Task prompt:
Copy each line of the following data that contains "lantern".

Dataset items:
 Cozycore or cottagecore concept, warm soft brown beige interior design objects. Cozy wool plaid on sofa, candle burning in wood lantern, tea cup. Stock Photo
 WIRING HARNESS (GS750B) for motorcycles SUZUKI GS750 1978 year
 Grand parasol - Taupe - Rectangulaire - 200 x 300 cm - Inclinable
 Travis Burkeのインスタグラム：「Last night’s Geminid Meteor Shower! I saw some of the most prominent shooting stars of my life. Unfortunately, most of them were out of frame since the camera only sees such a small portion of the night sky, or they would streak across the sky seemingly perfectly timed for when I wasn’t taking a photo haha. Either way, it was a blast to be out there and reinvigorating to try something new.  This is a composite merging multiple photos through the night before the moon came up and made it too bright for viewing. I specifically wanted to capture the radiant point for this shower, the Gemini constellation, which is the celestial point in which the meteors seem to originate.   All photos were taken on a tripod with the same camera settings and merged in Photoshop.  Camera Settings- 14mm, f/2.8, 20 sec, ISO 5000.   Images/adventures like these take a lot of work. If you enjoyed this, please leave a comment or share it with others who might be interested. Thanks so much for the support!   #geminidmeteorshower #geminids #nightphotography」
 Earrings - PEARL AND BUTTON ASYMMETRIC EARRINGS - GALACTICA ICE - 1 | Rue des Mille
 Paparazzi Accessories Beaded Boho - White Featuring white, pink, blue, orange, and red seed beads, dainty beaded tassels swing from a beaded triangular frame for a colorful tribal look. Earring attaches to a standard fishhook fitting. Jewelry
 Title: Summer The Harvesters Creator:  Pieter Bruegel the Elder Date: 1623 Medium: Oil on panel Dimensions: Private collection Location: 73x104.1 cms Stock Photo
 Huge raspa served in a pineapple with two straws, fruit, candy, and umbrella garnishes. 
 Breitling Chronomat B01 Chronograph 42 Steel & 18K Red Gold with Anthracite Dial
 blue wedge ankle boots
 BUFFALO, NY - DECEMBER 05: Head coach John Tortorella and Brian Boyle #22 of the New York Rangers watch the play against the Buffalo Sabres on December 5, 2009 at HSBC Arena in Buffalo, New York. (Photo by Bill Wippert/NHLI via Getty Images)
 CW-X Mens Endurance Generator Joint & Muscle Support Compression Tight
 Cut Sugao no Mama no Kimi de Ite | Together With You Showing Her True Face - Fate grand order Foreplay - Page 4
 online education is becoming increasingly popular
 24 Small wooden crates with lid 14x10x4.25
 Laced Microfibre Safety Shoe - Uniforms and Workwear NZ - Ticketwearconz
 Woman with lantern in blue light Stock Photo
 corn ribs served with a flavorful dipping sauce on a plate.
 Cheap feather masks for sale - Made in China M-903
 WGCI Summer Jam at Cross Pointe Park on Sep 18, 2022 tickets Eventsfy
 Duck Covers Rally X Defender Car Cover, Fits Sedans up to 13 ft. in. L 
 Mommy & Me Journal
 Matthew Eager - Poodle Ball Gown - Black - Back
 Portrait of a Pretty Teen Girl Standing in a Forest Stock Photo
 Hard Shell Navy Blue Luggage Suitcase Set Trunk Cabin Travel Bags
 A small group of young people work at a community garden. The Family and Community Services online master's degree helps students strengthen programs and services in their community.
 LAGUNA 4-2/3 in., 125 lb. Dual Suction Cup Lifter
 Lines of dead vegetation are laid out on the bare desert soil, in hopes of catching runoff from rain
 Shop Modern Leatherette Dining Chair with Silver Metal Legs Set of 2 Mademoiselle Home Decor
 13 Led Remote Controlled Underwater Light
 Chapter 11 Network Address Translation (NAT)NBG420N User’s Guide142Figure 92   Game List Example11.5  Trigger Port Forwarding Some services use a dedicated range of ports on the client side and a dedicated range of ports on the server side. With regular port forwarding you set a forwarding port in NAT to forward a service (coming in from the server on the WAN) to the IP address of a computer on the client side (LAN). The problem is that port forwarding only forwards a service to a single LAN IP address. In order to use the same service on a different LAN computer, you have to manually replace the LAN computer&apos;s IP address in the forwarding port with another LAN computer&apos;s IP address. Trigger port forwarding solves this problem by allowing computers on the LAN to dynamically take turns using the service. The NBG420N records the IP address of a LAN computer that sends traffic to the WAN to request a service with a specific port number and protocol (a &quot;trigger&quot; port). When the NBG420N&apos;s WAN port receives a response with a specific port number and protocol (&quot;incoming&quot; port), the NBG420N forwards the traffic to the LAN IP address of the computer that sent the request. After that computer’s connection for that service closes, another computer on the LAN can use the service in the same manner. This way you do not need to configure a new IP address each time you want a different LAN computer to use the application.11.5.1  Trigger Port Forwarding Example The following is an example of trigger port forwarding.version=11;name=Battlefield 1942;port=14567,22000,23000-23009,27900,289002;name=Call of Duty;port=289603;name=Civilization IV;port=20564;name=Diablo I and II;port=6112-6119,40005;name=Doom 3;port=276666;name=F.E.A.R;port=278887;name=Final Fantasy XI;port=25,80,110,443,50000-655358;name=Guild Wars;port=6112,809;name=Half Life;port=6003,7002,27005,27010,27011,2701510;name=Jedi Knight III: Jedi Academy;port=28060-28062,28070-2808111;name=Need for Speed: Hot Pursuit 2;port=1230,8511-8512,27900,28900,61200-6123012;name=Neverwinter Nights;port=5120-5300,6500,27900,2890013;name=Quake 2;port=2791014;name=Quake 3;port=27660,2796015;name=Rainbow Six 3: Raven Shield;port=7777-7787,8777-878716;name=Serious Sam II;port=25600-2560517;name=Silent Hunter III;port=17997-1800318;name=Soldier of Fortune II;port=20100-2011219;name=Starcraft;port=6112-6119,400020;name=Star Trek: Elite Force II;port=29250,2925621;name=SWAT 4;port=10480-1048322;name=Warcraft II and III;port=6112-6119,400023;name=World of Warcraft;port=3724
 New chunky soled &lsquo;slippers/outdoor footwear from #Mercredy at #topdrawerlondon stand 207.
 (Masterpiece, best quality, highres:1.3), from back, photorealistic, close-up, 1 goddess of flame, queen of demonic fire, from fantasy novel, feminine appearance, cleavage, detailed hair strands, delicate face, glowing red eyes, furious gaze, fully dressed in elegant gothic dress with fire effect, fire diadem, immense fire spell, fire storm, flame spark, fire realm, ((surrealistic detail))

Exercise output:
 Cozycore or cottagecore concept, warm soft brown beige interior design objects. Cozy wool plaid on sofa, candle burning in wood lantern, tea cup. Stock Photo
 Woman with lantern in blue light Stock Photo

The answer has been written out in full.